Aside from that, there is no limits in this law on clawbacks of other funds to make up the difference -- "Sure, you can keep your natural resource revenue, but you're going to lose all your other federal money." There's also nothing to say that money, once collected, can not be turned over to the federal government for redistribution to needier provinces. It also puts the constitution acts of 1867 and 1982 in potential conflict with eachother if a provincial government's reliance on resource revenue infringes on the federal government's constitutional obligation to provide equalisation, which I'm really not sure how to resolve, but the latter's assertion that any aspect of any law in conflict with it are invalid would provide the basis for calling the first constitution act unconstitutional under the second.

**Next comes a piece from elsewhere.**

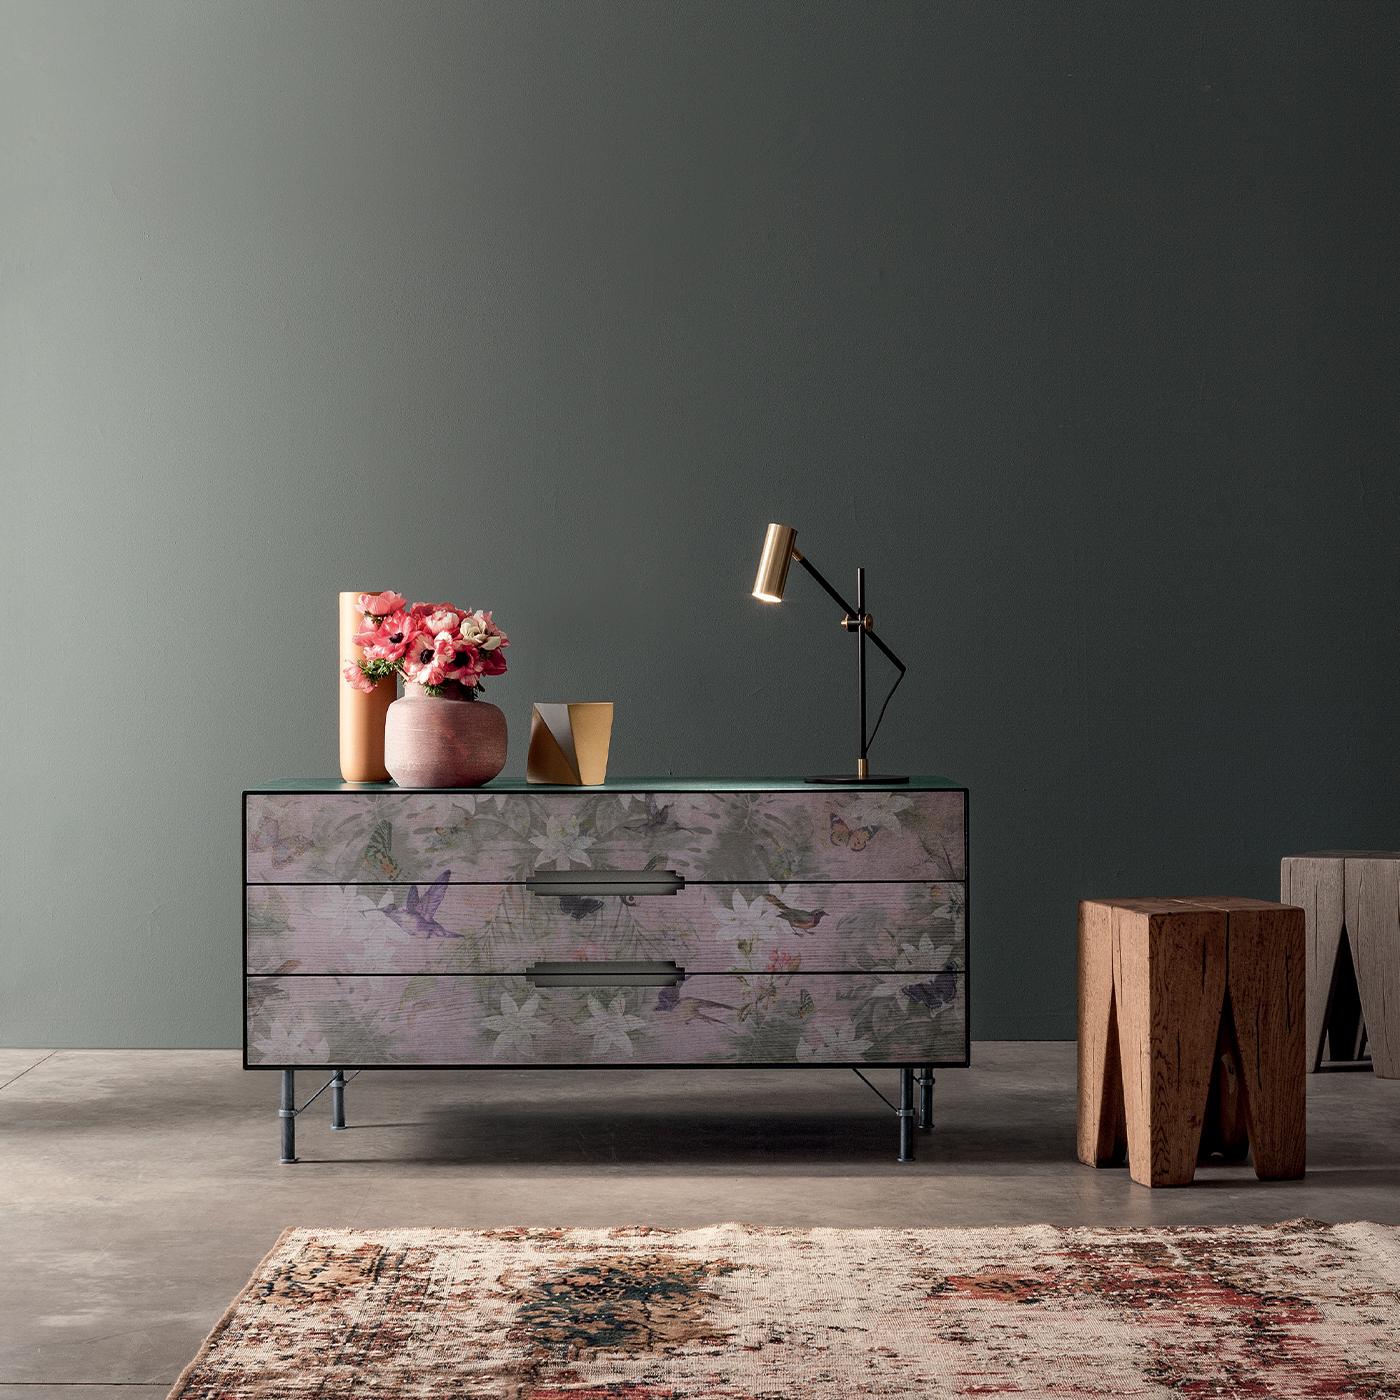 This long chest of drawers updates a Classic style with a stunning printed front, complete with flowers and birds in warm dusty hues. Its three drawers provide ample storage space, opening with sleek cutout handles. Finished with iron feet for a

It's fundamentally against the spirit of federalism and equalisation for any province to greedily horde money because that province has natural resources that others do not.

I also see no reference to 'igneous' being a staunch liberal, though the point is irrelevant. One of the strengths of the liberal party, as compared to other parties, is that it accepts and encourages differences of opinion and debate within its ranks.

Canadian Publius writes at Sun Jul 30 14:14:51 2006...

I think you're bang on... I cannot figure out why natural resources should be excluded. Frinstance, why not exlcude manufacturing revenues in Ontario? Export related revenues in BC?

Its nuts.

Steve V writes at Sun Jul 30 19:45:06 2006...

With the embarrassing amount of money pouring into the tarsands, it effectively makes Alberta "bust" proof. Even if the price drops, need will trump and expansion is guaranteed.

cdlu writes at Mon Jul 31 09:12:30 2006...

Steve V, perhaps, but I can see a large number of scenarios that could cause an economic collapse in Alberta. From least to most likely, in my view:

1 - World dependence on oil is weakened as we finally wake up and smell alternative energy.

2 - Tar sand production is deemed too environmentally destructive, with its 80kg/barrel of greenhouse gasses and the huge water reserves and natural areas being destroyed by the production.

3 - Production reaching 1:1 barrels needed per barrels produced.

4 - The economy outgrowing itself. Right now, the worker shortage in Alberta is phenomenal. As the mass migration continues, a light slump in the economy for any of the other reasons (or any other reason) will be greatly magnified.

Remember, it's the one you don't see that gets you.

Sheila writes at Mon Jul 31 10:04:47 2006...

You bring up important points, but, as usual, there are a lot more factors involved. Equalisation is only the tip of the iceberg of pan-Canadian bones of contention. Lets look at another product of the tar sands: greenhouse gases. The amount produced by Alberta and the dirty industrial processes required to extract and refine the oil from the tar sands get equalised with the amount produced in other provinces, many working hard to reduce emissions. It is because of Alberta that Canadas emissions have risen so precipitously and Kyoto targets are unattainable. Can we not, in the spirit of keeping their resources to themselves, demand that Alberta keep their emissions to themselves, too?

Joseph writes at Mon Jul 31 21:54:46 2006...

Perhaps equalization should be examined in light of Kyoto carbon sharing. Alberta emissions skew our Kyoto protocol objectives making efforts to reduce total emissions very difficult. We all end up being painted with the same brush. Also, Canada's currency exchange is skewed by a dollar bolstered by oil revenues that make manufacturing prices less competitive on the export market.

Are we all in this together, or are we only Canadians when we need something and regionalists when we don't?